フェイトがPC上で起動しているの「Skype」。
 さっきから画面によく知ったHNが書き込みを連続で行ってきていた。発狂している人物その人である。

 ――oppai:力を貸す? なんやねん急にそんな偉そうに。お風呂から帰ってきていきなりかい!

 独特の訛りが文章にもトレースされている人物の書き込みから若干不満が感じ取れた。
 その名を見てもらえばすぐにわかると思う。言わずもがな。世紀のおっぱいマイスターその人なのだけれど、彼女はフェイトがスカイプに復帰した途端、雪崩のような凄まじい量の書き込みを行ってきた。

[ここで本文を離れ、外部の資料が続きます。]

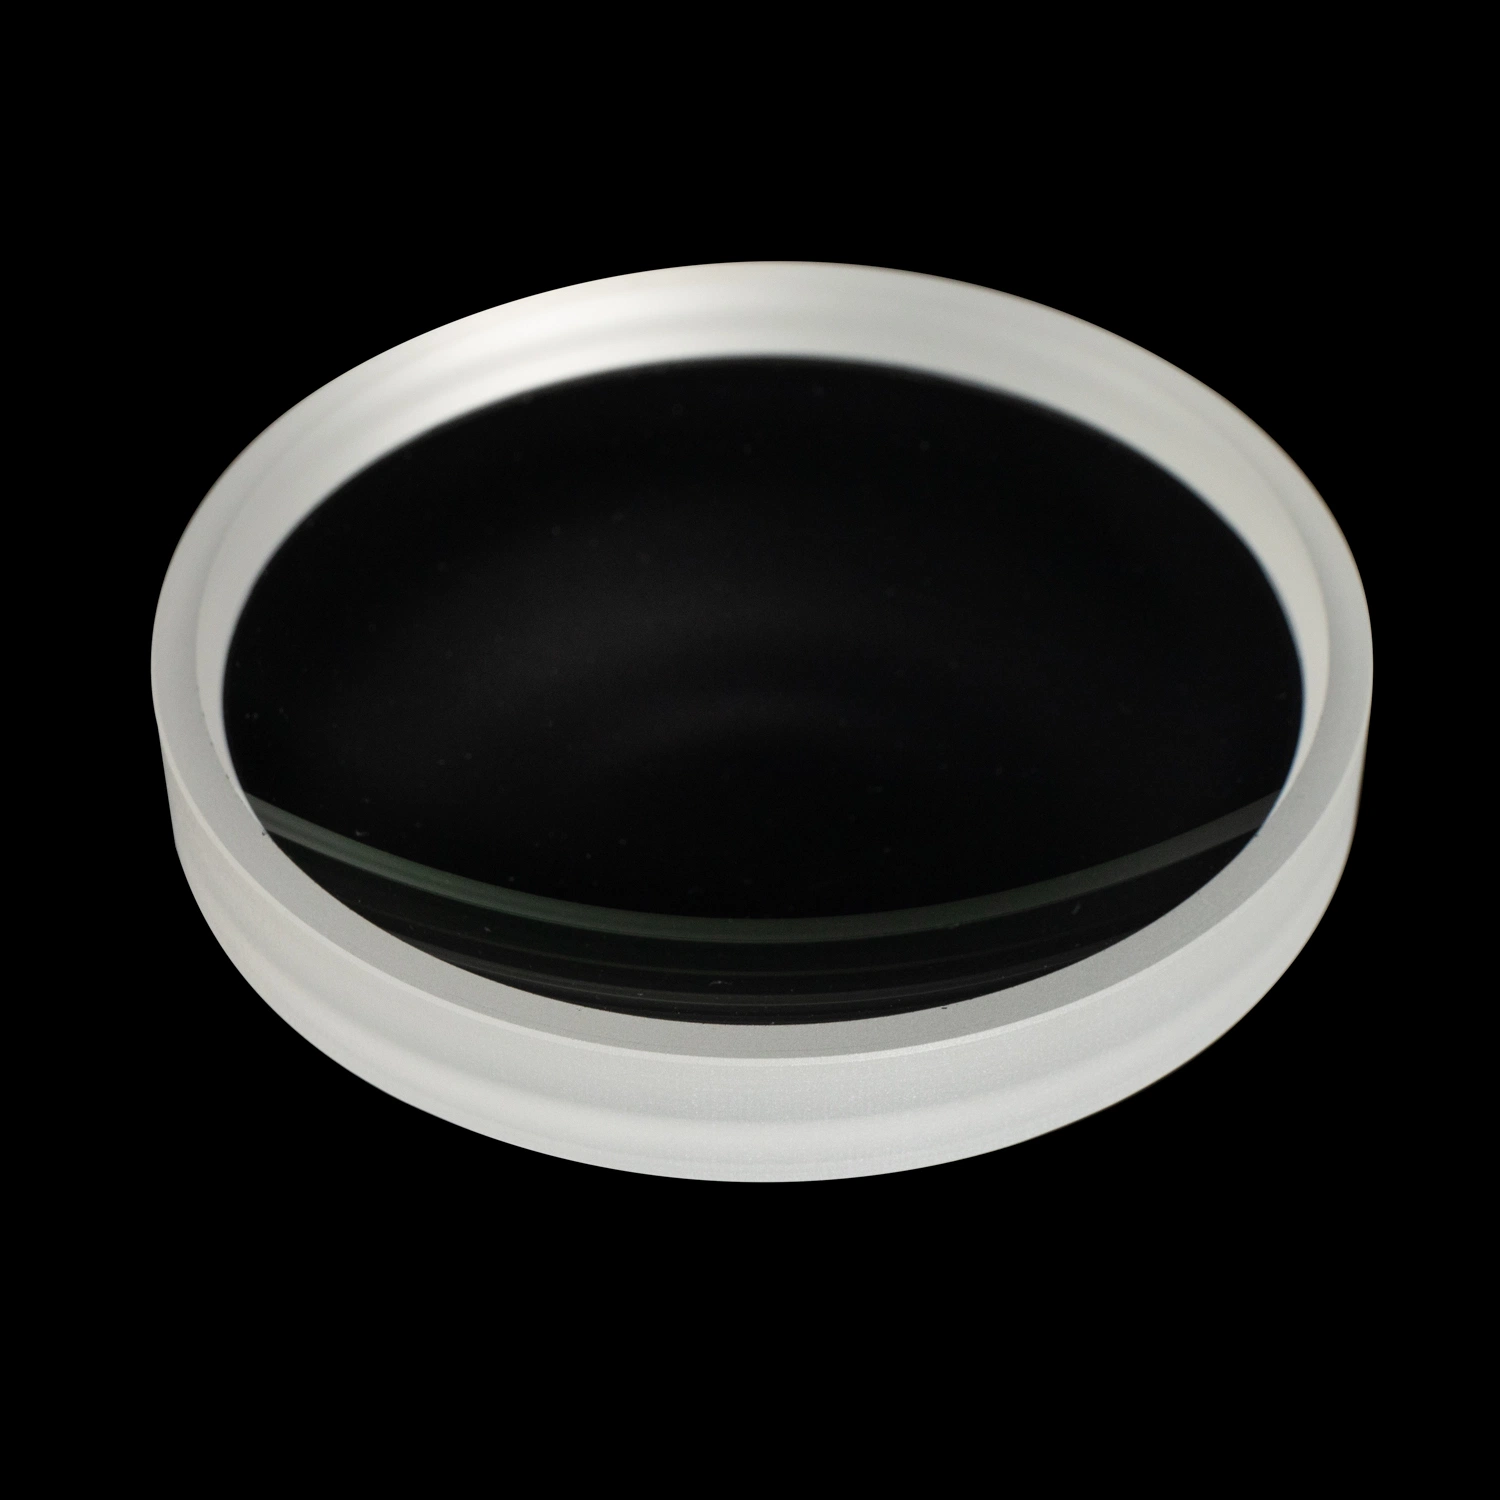 K9 ivex Lens/Uncoated/Diameter 20/25,4 mm/Focusing BIMvex Lens/Beam Expuling Collimator/K9 Optical Glass

 ――oppai:こちとら新巻の原稿サボってスカイプやってるんよ? タダで力を貸すつもりは髪の毛一本分もないで。
 ――fate:何が望みなんですか?
 ――oppai:決まってるやん。写真や写真! 今、ホムタロッサちゃん、風呂あがりなんやろ?
 ――fate:ええ。そうですけど。
 ――oppai:せやったら裸体を晒せや! エロ写メ・ギビットゥ・ミィщ(゚ロ゚щ) カモ-ンщ(゚ロ゚щ) カモ-ンщ(゚ロ゚щ)

 また、始まった。
 フェイトがこのように世紀のおっぱいマイスターを始め、ブログにコメントをよく残してくれる人とスカイプでやりとりするようになったのは去年の暮から。
 どうせなら、とアリサが使っているのとはまた別のグループを作り、そこに常連さんを招いて雑談に興じたり、近況報告をしたり、果ては作品の批評会などをしたりとそれまで以上の濃い付き合いをするようになっていた。
 基本的に参加者はブログ管理人二名。「ホムタロッサ(フェイト)」と「在紗(アリサ)」、それから常連中の常連である「烈火のニート侍@仕事をください」、「祝福の風・妹」、「世紀のおっぱいマイスター」である。
 その五人のスカイプのやりとりで毎回と言っていいほど行われるのが、世紀のおっぱいマイスターとフェイトの意味のわからない掛け合いである。基本的にマイスターが性的な要求をフェイトにするもので、集まる度に一回は必ず起こる。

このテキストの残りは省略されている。